4.3.1 System suitability
Samples: System suitability solution, Standard solution, and Sensitivity solution [NOTE—See Table 2 for the relative retention times.]
Suitability requirements
Resolution: NLT 5.0 between chlorthalidone related compound A and chlorthalidone, System suitability solution Relative standard deviation: NMT 5.0%, Standard solution
Signal-to-noise ratio: NLT 10, Sensitivity solution
4.3.2 Analysis
Samples: Standard solution and Sample solution
Calculate the percentage of any specified or unspecified impurity in the portion of Chlorthalidone taken:
Result = (ru/rs) × (Cs/Cu) × (1/F) × 100
ru = peak response of any specified or unspecified impurity from the Sample solution
rs = peak response of chlorthalidone from the Standard solution
Cs = concentration of USP Chlorthalidone RS in the Standard solution (mg/mL)

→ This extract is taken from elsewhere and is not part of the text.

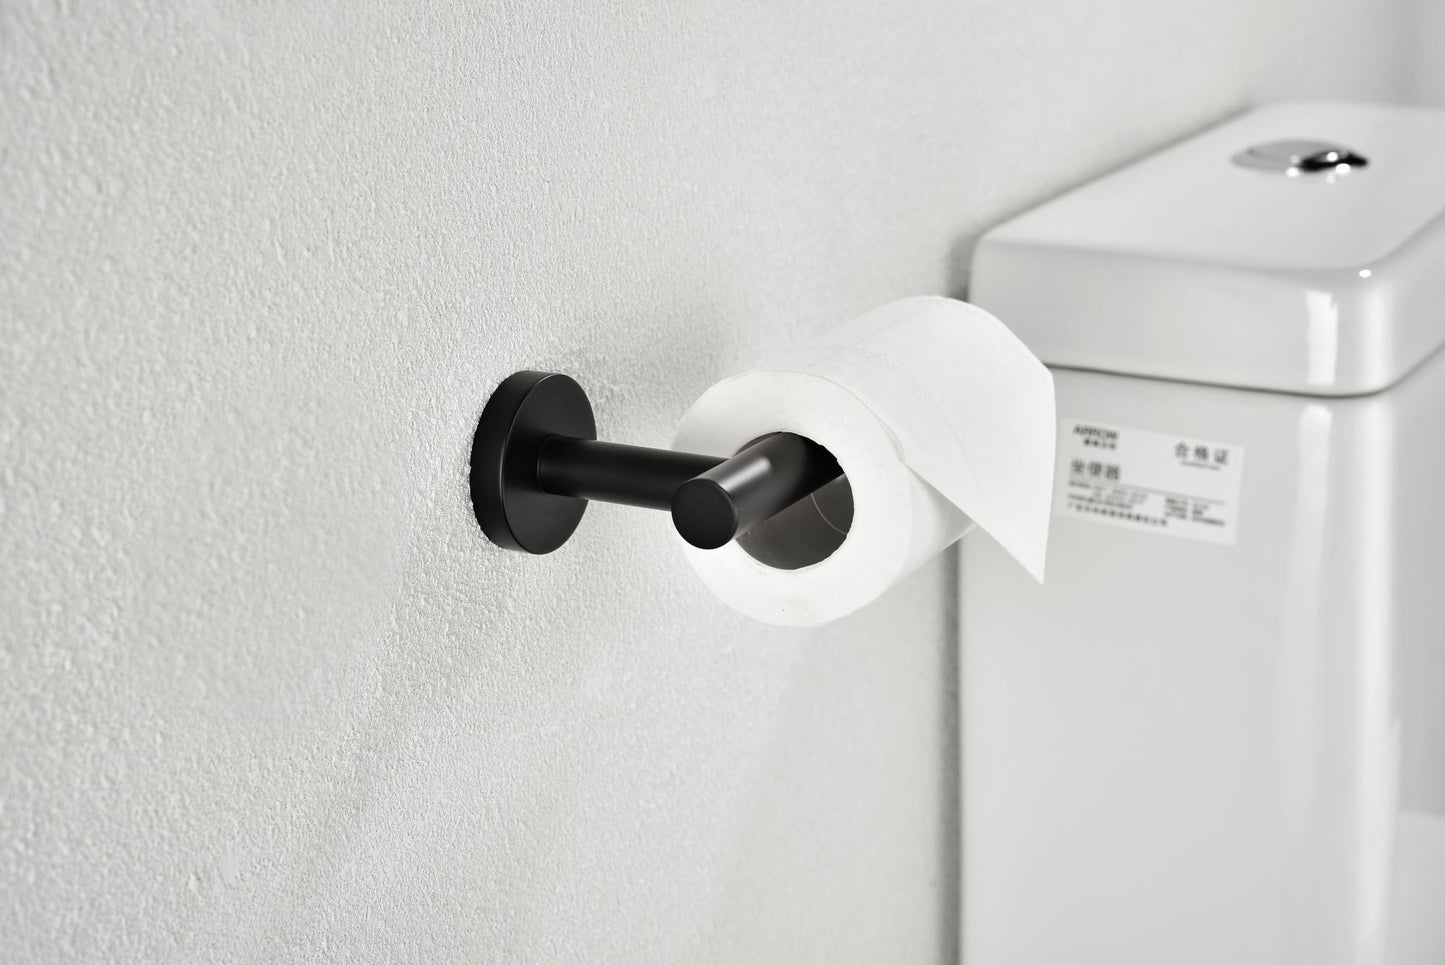 Toilet Paper Holder for Bathroom 2 Pack Tissue Holder Dispenser SUS304 Stainless Steel RUSTPROOF Toilet Roll Holder Wall Mount Matte Black

Cu = concentration of Chlorthalidone in the Sample solution (mg/mL)
F = relative response factor (see Table 2)
Acceptance criteria: See Table 2. The reporting threshold is 0.05%.
Table 2
| Name | Relative Retention Time | Relative Response Factor | Acceptance Criteria, NMT (%) |
| Chlorthalidone related compound A | 0.68 | 1.1 | 0.7 |
| Chlorthalidone | 1.00 | — | — |
| Chlorthalidone dichloro analoga | 5.64 | 1.1 | 0.2 |
| Any unspecified impurity | — | 1.0 | 0.1 |
| Total impurities | — | — | 1.0 (USP 1-May-2023) |
a 3-(3,4-Dichlorophenyl)-2,3-dihydro-3-hydroxy-1H-isoindolin-1-one.
5 SPECIFIC TESTS
LOSS ON DRYING 〈731〉
Sample: 2 g
Analysis: Dry at 105° for 4 h.
Acceptance criteria: NMT 0.4%
6 ADDITIONAL REQUIREMENTS
PACKAGING AND STORAGE: Preserve in well-closed containers. Change to read:
USP REFERENCE STANDARDS 〈11〉
USP Chlorthalidone RS
USP Chlorthalidone Related Compound A RS
2-(4-Chloro-3-sulfamoylbenzoyl)benzoic acid;
Also known as (USP 1-May-2023) 4′-Chloro-3′-sulfamoyl-2-benzophenone carboxylic acid.